# temp control on my new lang 48



## timmyt509 (Nov 14, 2010)

So yesterday I used my new lang 48 patio and it was hard for me to keep even temp. Maybe because it was my first smoke in it and also it was around 40 degrees outside. But it seemed like i had to have both intakes on firebox opened to about 3/4 to get it to stay around 240. I would add 2-4 small pieces of wood every 40-50 minutes but my temps where all over the place so I was wondering with all you lang smokers out there if you can give some advice for next smoke please? thanks.


----------



## forluvofsmoke (Nov 14, 2010)

Was your rig protected from the wind? Wind is usually the worst culprit for temp control. Cold ambient temps or continuous precipitation won't have much effect on temp swings...either the fire box will put out enough BTUs to get you where you want to be, or it won't.

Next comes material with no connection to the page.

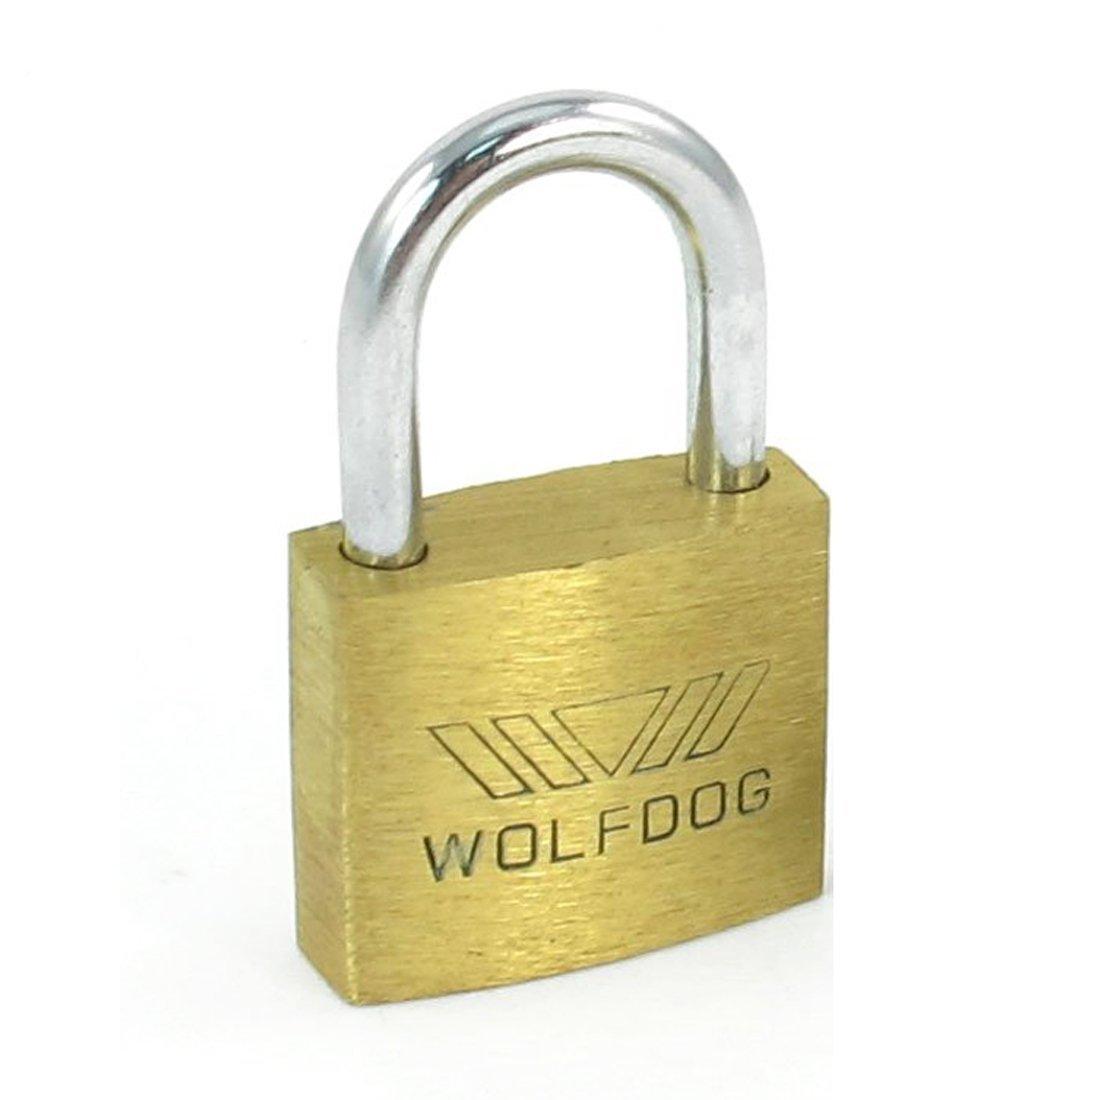 Candado de laton WOLFDOG candado de laton bloqueo de puerta de seguridad de anchura de 20mm de mini tamano con 3 llaves

Also, is your wood completely seasoned (dried)?

The thing with solid fuel fired smokers is that a constant temp is nearly impossible, especially with smaller rigs (with the exception of using the minion method with charcoal). As the fuel supply burns down in volume it will put out less BTUs, and as more fuel is added and it begins burning the BTU output will increase. Temp swings are normal and expected.

I don't have a stick burner, but in my charcaol smokers I try to maintain an average temp somewhere close to the desired chamber temp. If it peaks at 25* over after adding fuel, and then drops 25* below before adding fuel again, I just keep a mental note of it.

With a side fire box, you can reduce your peaks and valleys in chamber temp by adding fuel in smaller amounts more often. It's more fire tending, but if that's what it takes...

Probably not the answer you wanted to see, but some insight and food for thought if nothing else.

Eric


----------